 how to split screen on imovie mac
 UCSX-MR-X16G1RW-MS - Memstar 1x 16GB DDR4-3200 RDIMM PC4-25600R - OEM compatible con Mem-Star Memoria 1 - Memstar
--------
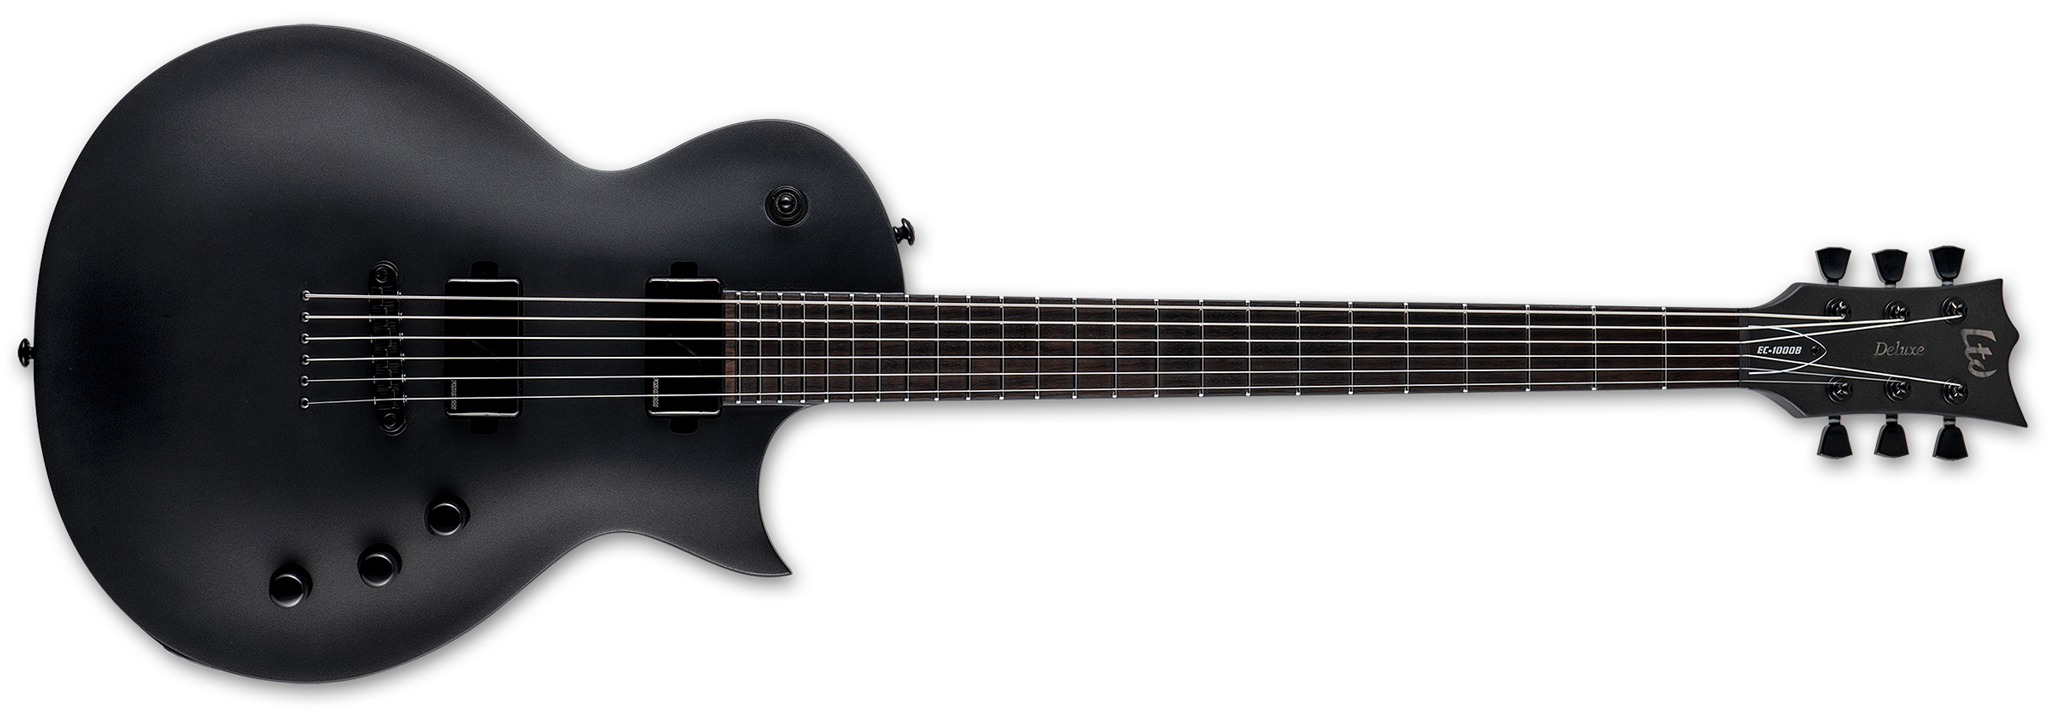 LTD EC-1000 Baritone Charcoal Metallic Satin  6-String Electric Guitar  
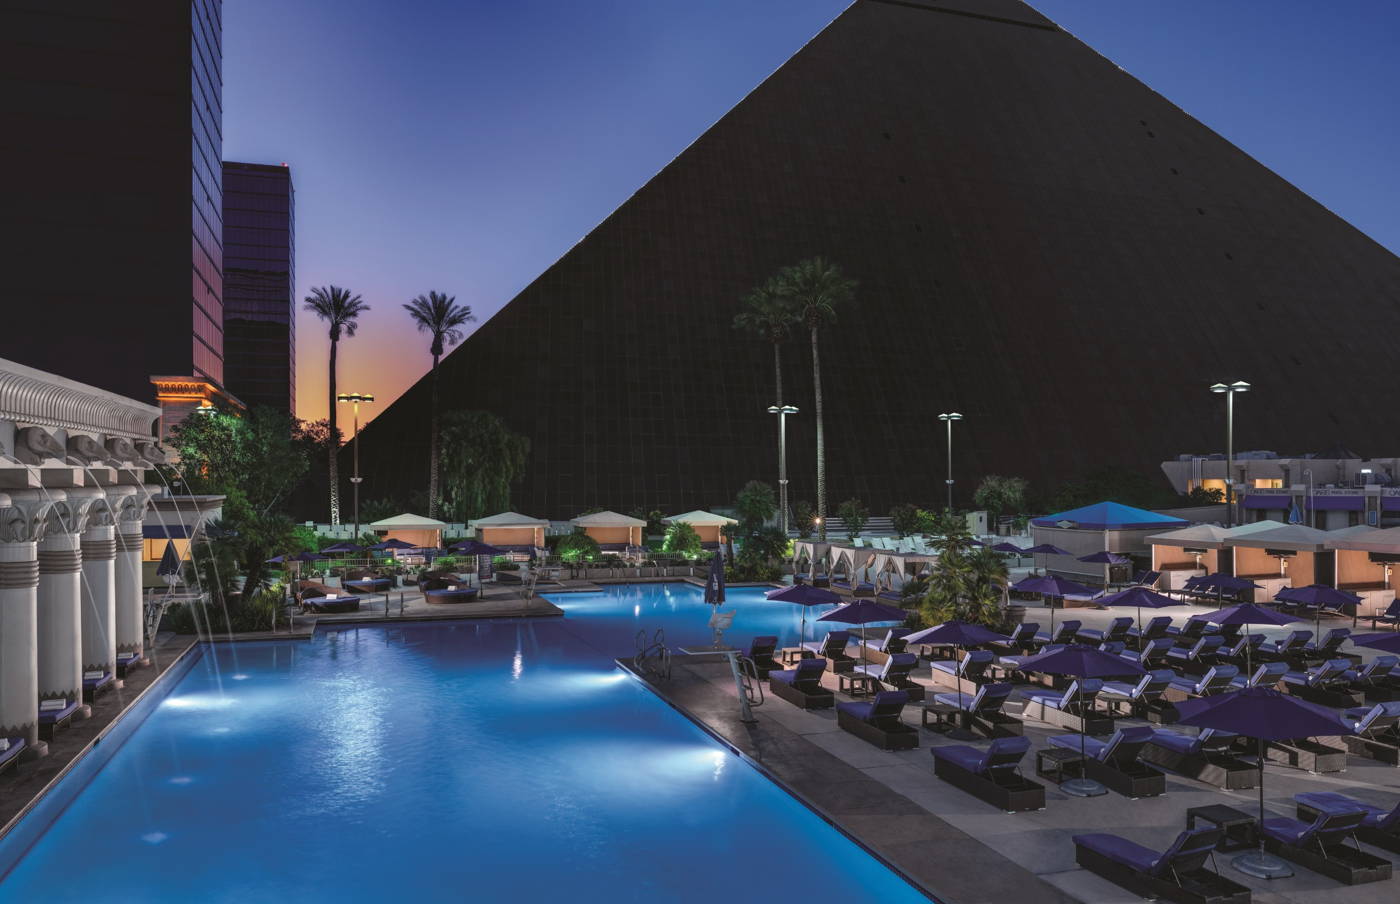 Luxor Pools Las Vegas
--------
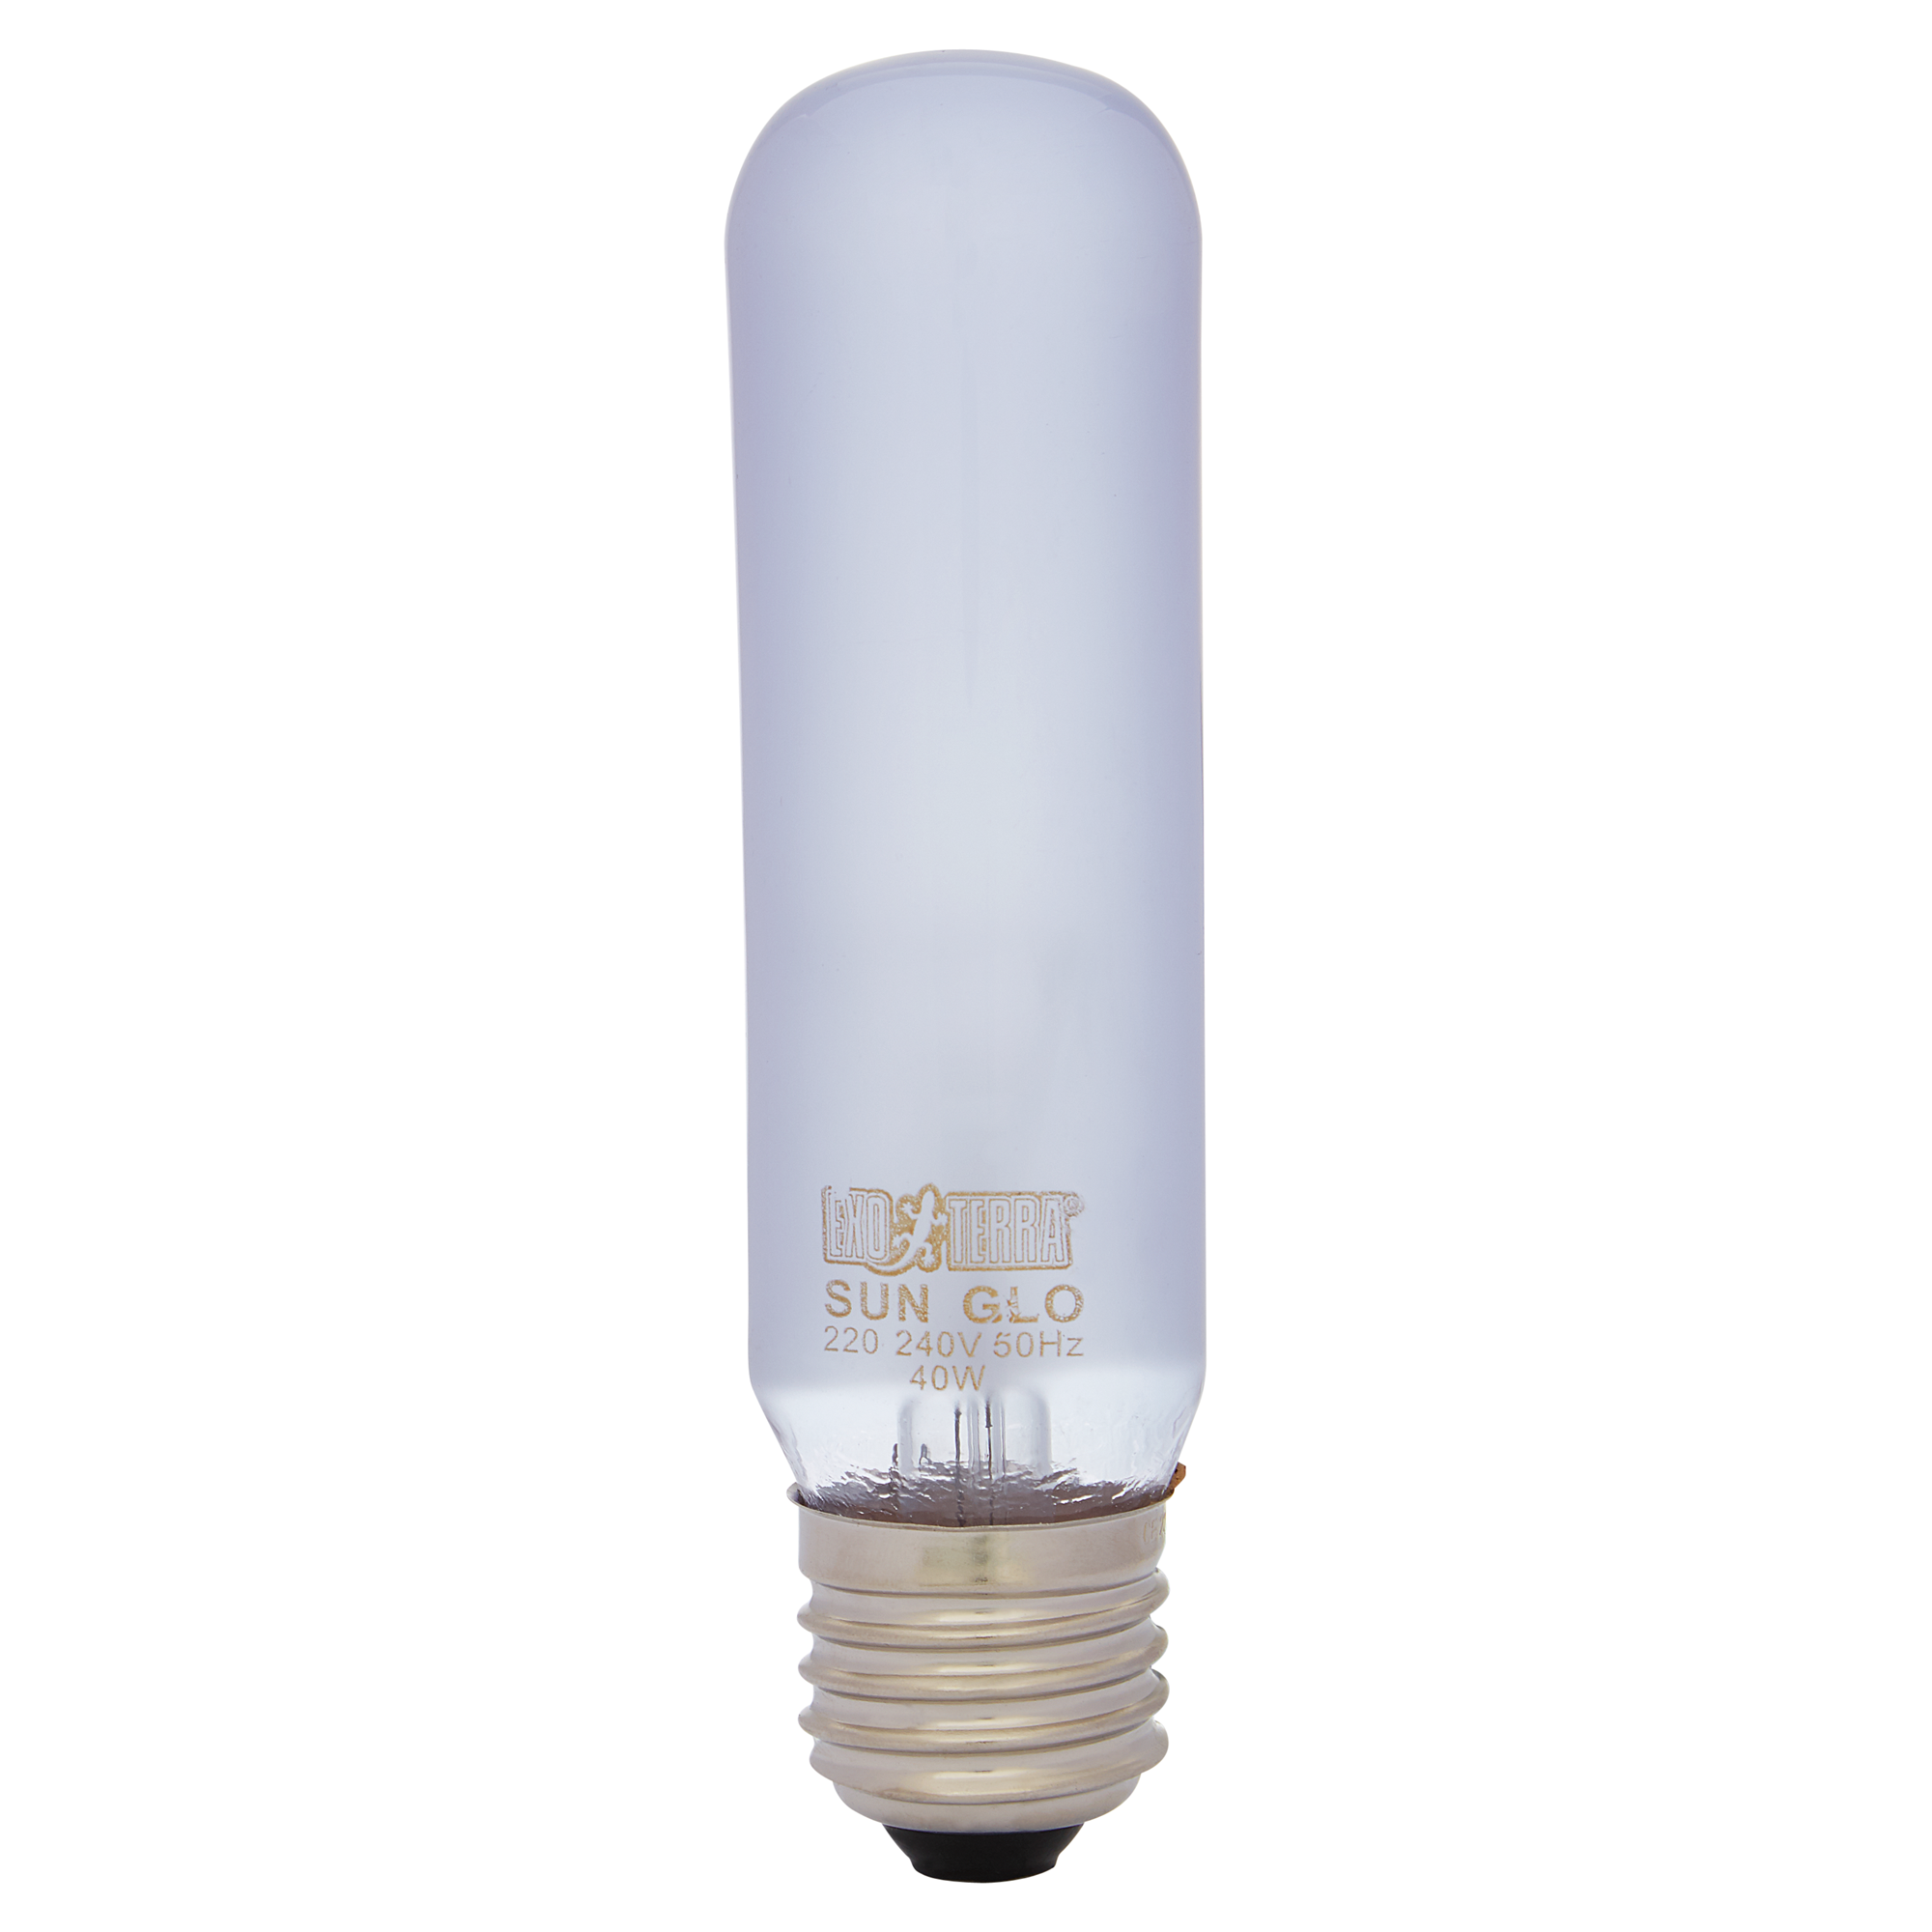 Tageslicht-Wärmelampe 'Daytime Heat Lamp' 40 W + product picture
--------
◆ **Try it**:
Everything above from the line with "how to split screen on imovie mac" to the line with "UCSX-MR-X16G1RW-MS - Memstar", both included, must be repeated exactly, and nothing outside that range.

◆ **Problem solution**:
 how to split screen on imovie mac
 UCSX-MR-X16G1RW-MS - Memstar 1x 16GB DDR4-3200 RDIMM PC4-25600R - OEM compatible con Mem-Star Memoria 1 - Memstar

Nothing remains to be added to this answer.